Using the data below, return word for word every line from the one holding "SIXPAD Powersuit Core Belt Lサイズ 専用コントローラーセット" down to the one holding "Bazar Paris - Lojas". Leave pictures out.

EXERCISE DATA:
------------------------

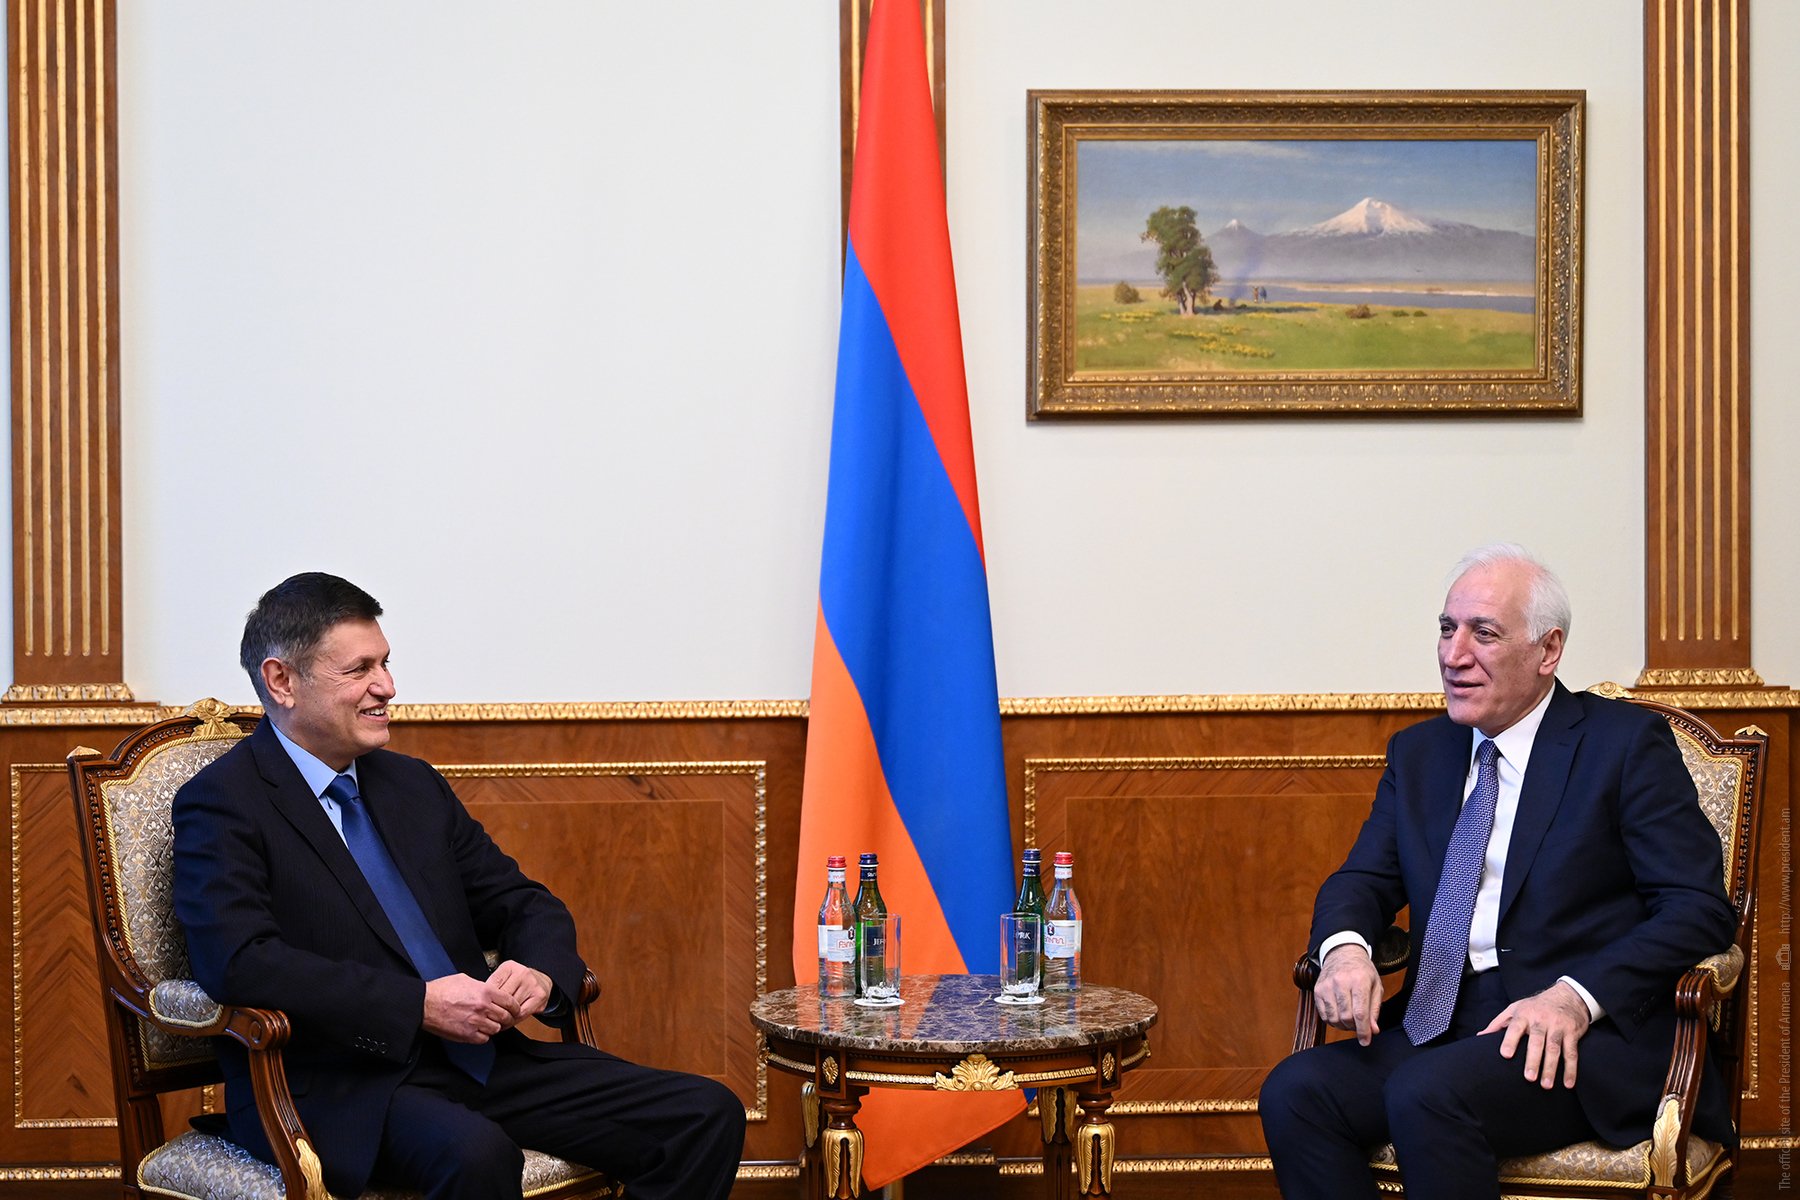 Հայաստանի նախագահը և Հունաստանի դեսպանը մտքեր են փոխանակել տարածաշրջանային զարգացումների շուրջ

------------------------

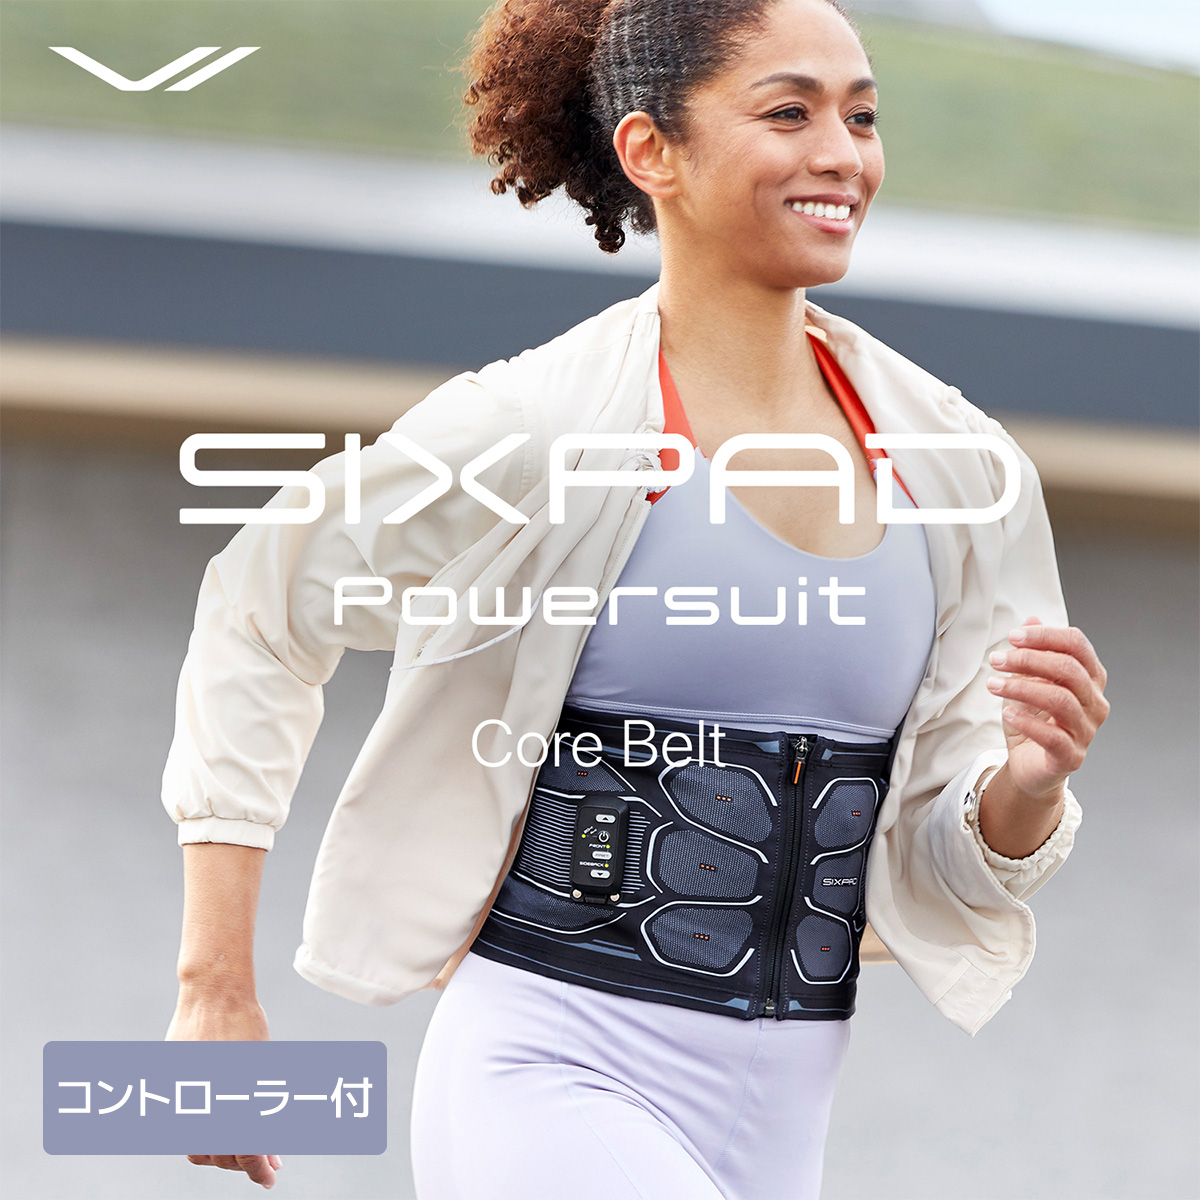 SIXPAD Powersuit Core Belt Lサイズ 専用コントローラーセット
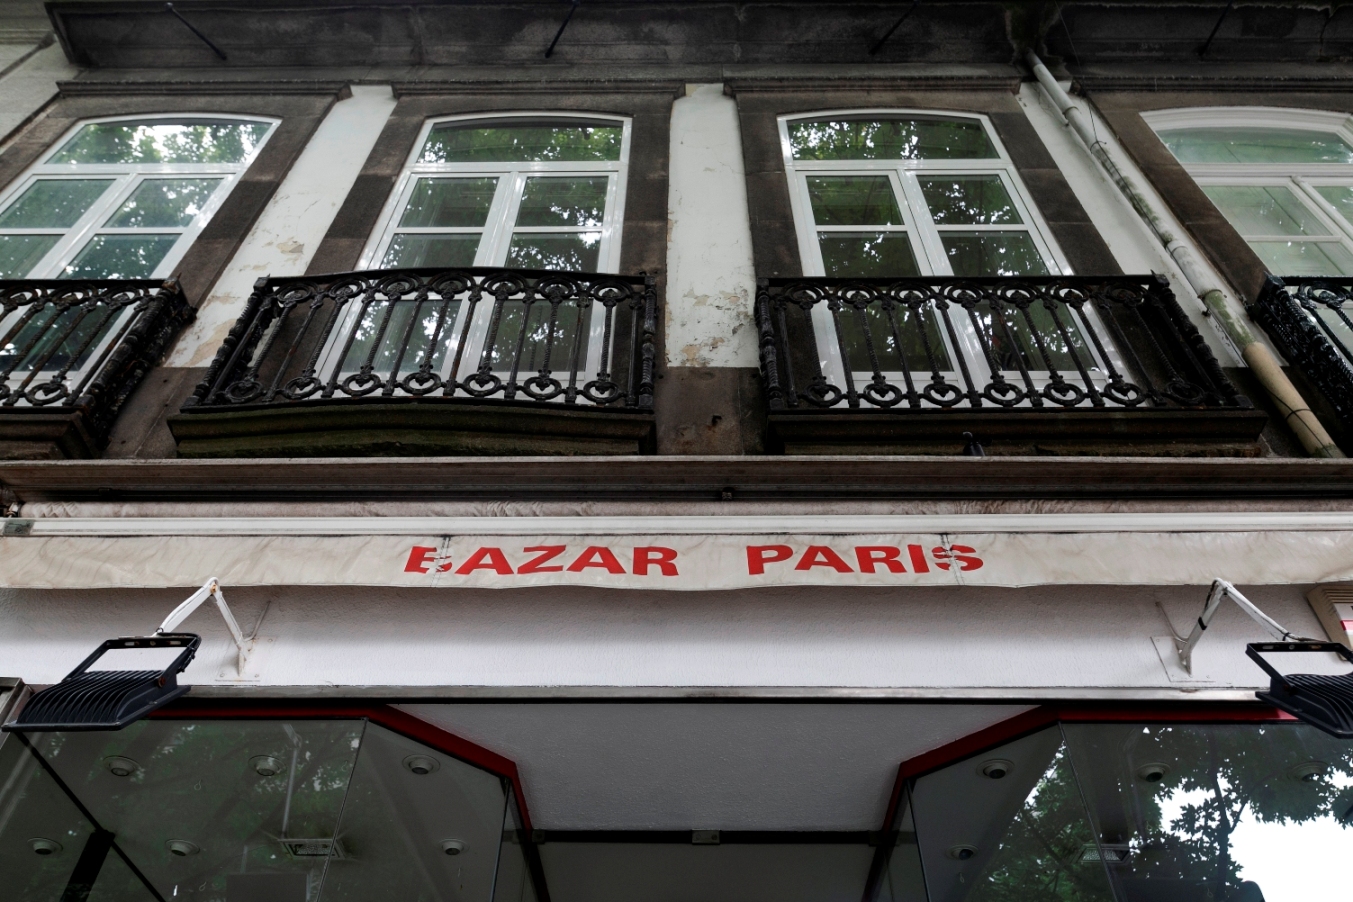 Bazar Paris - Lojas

------------------------

ANSWER TO THE EXERCISE:
 SIXPAD Powersuit Core Belt Lサイズ 専用コントローラーセット
 Bazar Paris - Lojas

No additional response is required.